Add to the encrypt flow in `engines/user.md` after step 1:
> Validate that `len(recipients) <= maxRecipients` (100). Reject with error if
> exceeded.
Add to the security considerations section.
**Files to change**: `engines/user.md`
---
## Low
### #32 — `exportable` flag with no export operation (Transit)
**Fix**: Add an `export-key` operation to the transit engine:
- Auth: User+Policy (action `read`).
- Only succeeds if the key's `exportable` flag is `true`.
- Returns raw key material (base64-encoded) for the current version only.
- Asymmetric keys: returns private key in PKCS8 PEM.
- Symmetric keys: returns raw key bytes, base64-encoded.
- Add to HandleRequest dispatch, gRPC service, REST endpoints.
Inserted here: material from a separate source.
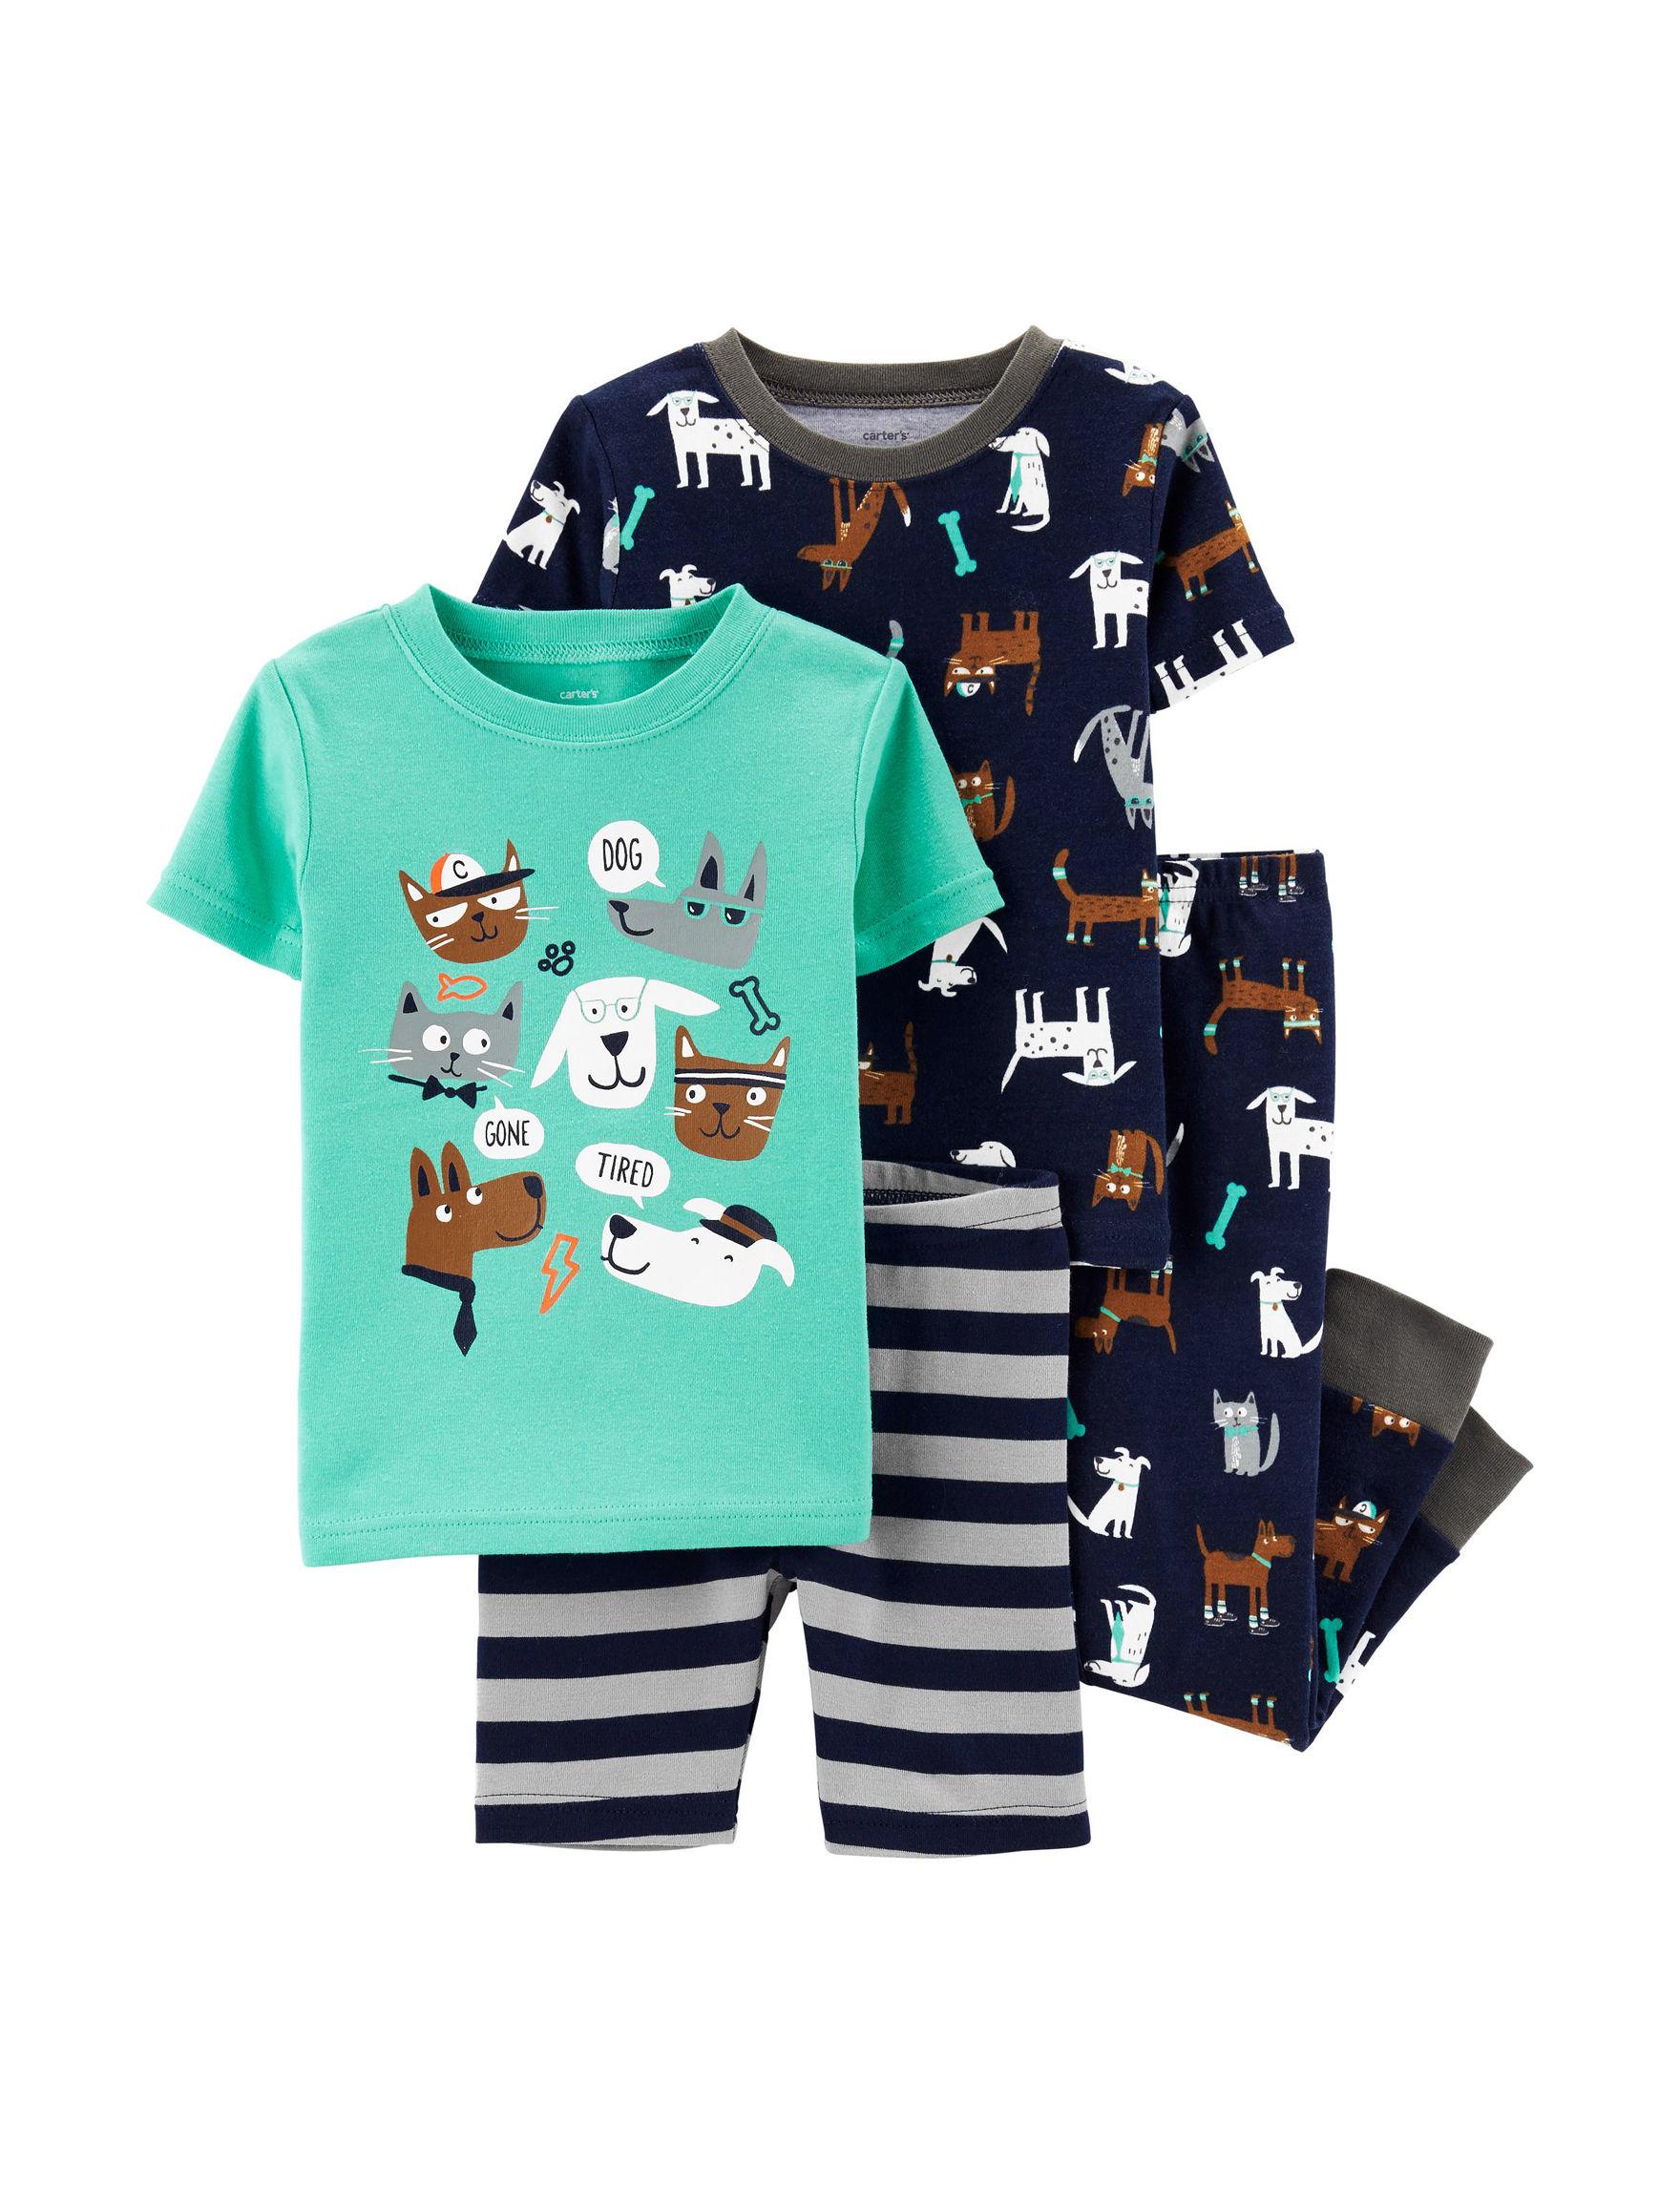 Carter's Aqua / Navy Pajama Sets

Alternatively, if key export is never intended, remove the `exportable` flag
from `create-key` to avoid dead code. Given that transit is meant to keep keys
server-side, **removing the flag** may be the better choice. Document the
decision either way.
**Recommendation**: Remove `exportable`. Transit's entire value proposition is
that keys never leave the service. If export is needed for migration, a
dedicated admin-only `export-key` can be added later with appropriate audit
logging (#7).
**Files to change**: `engines/transit.md`
### #35 — No re-encryption support for user key rotation
**Fix**: Add a `re-encrypt` operation:
- Auth: User (self) — only the envelope recipient can re-encrypt.
- Input: old envelope.
- Flow: decrypt with current key, generate new DEK, re-encrypt, return new
envelope.
- The old key must still be valid at the time of re-encryption. Document the
workflow: re-encrypt all stored envelopes, then rotate-key.
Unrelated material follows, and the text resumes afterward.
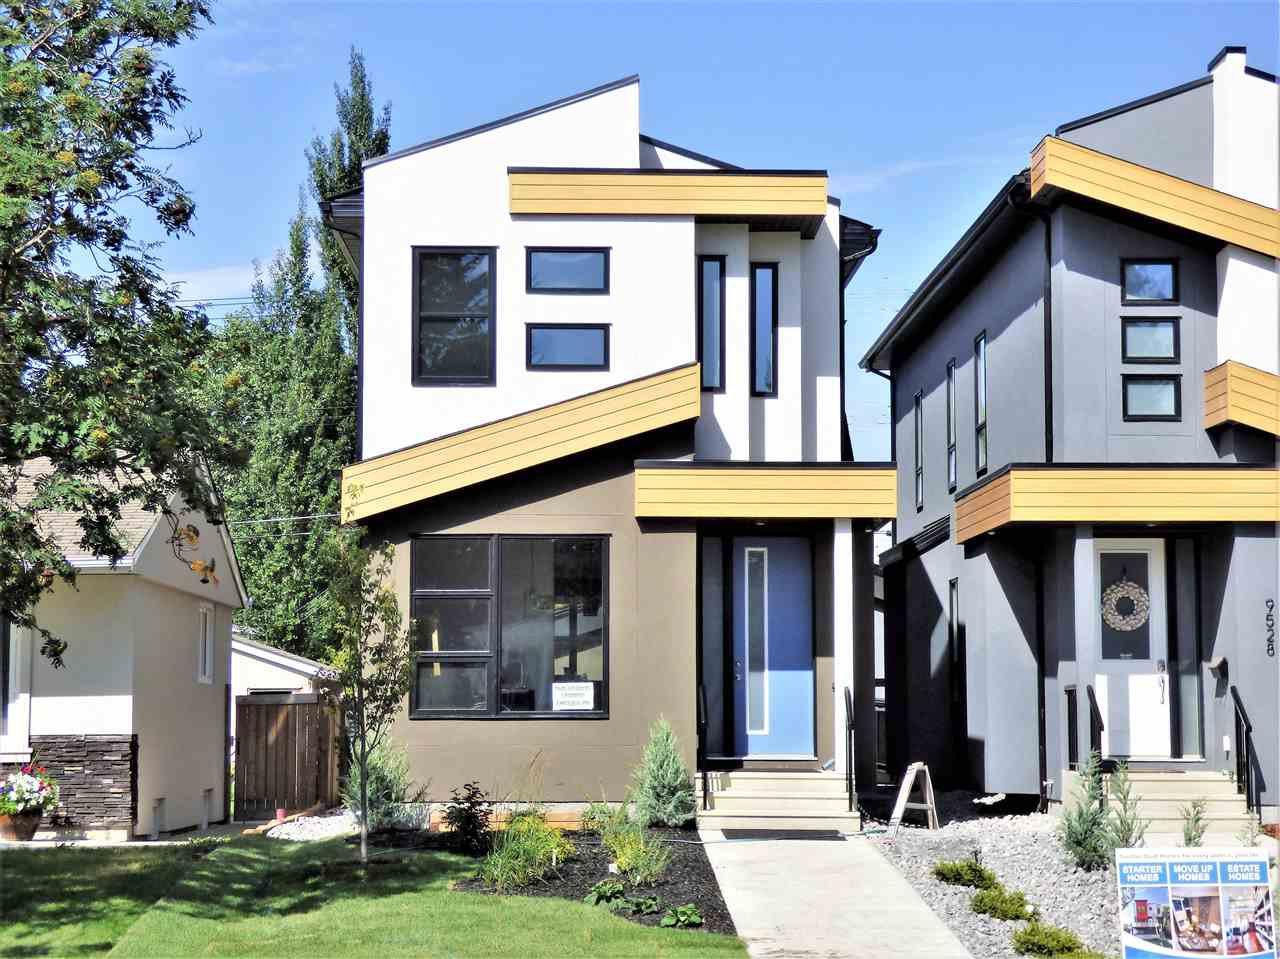 Main Photo:  in Edmonton: Zone 10 House for sale : MLS®# E4120889

This is a quality-of-life improvement, not a security fix. The current design
(decrypt + encrypt separately) works but requires the caller to handle
plaintext.
**Files to change**: `engines/user.md`
### #36 — `UserKeyConfig` type undefined
**Fix**: Add the type definition to the in-memory state section:
```go
type UserKeyConfig struct {
Algorithm string `json:"algorithm"` // key exchange algorithm used
CreatedAt time.Time `json:"created_at"`
AutoProvisioned bool `json:"auto_provisioned"` // created via auto-provision
}
```
**Files to change**: `engines/user.md`
### #38 — `ZeroizeKey` prerequisite not cross-referenced
**Fix**: Add to the Implementation Steps section in both `engines/transit.md`
and `engines/user.md`:
> **Prerequisite**: `engine.ZeroizeKey` must exist in
> `internal/engine/helpers.go` (created as part of the SSH CA engine
> implementation — see `engines/sshca.md` step 1).
**Files to change**: `engines/transit.md`, `engines/user.md`
---
## Implementation Order
The remediation items should be implemented in this order to respect
dependencies:
1. **#37** — `adminOnlyOperations` qualification (critical, blocks user engine
`rotate-key`). This is a code change to `internal/server/routes.go` plus
spec updates. Do first because it affects all engine implementations.
2. **#28, #29, #30, #31, #32** — Transit spec fixes (can be done as a single
spec update pass).
3. **#25, #26, #27** — SSH CA spec fixes (single spec update pass).
4. **#33, #34, #35, #36** — User spec fixes (single spec update pass).
5. **#38** — Cross-reference update (trivial, do with transit and user spec
fixes).
Items within the same group are independent and can be done in parallel.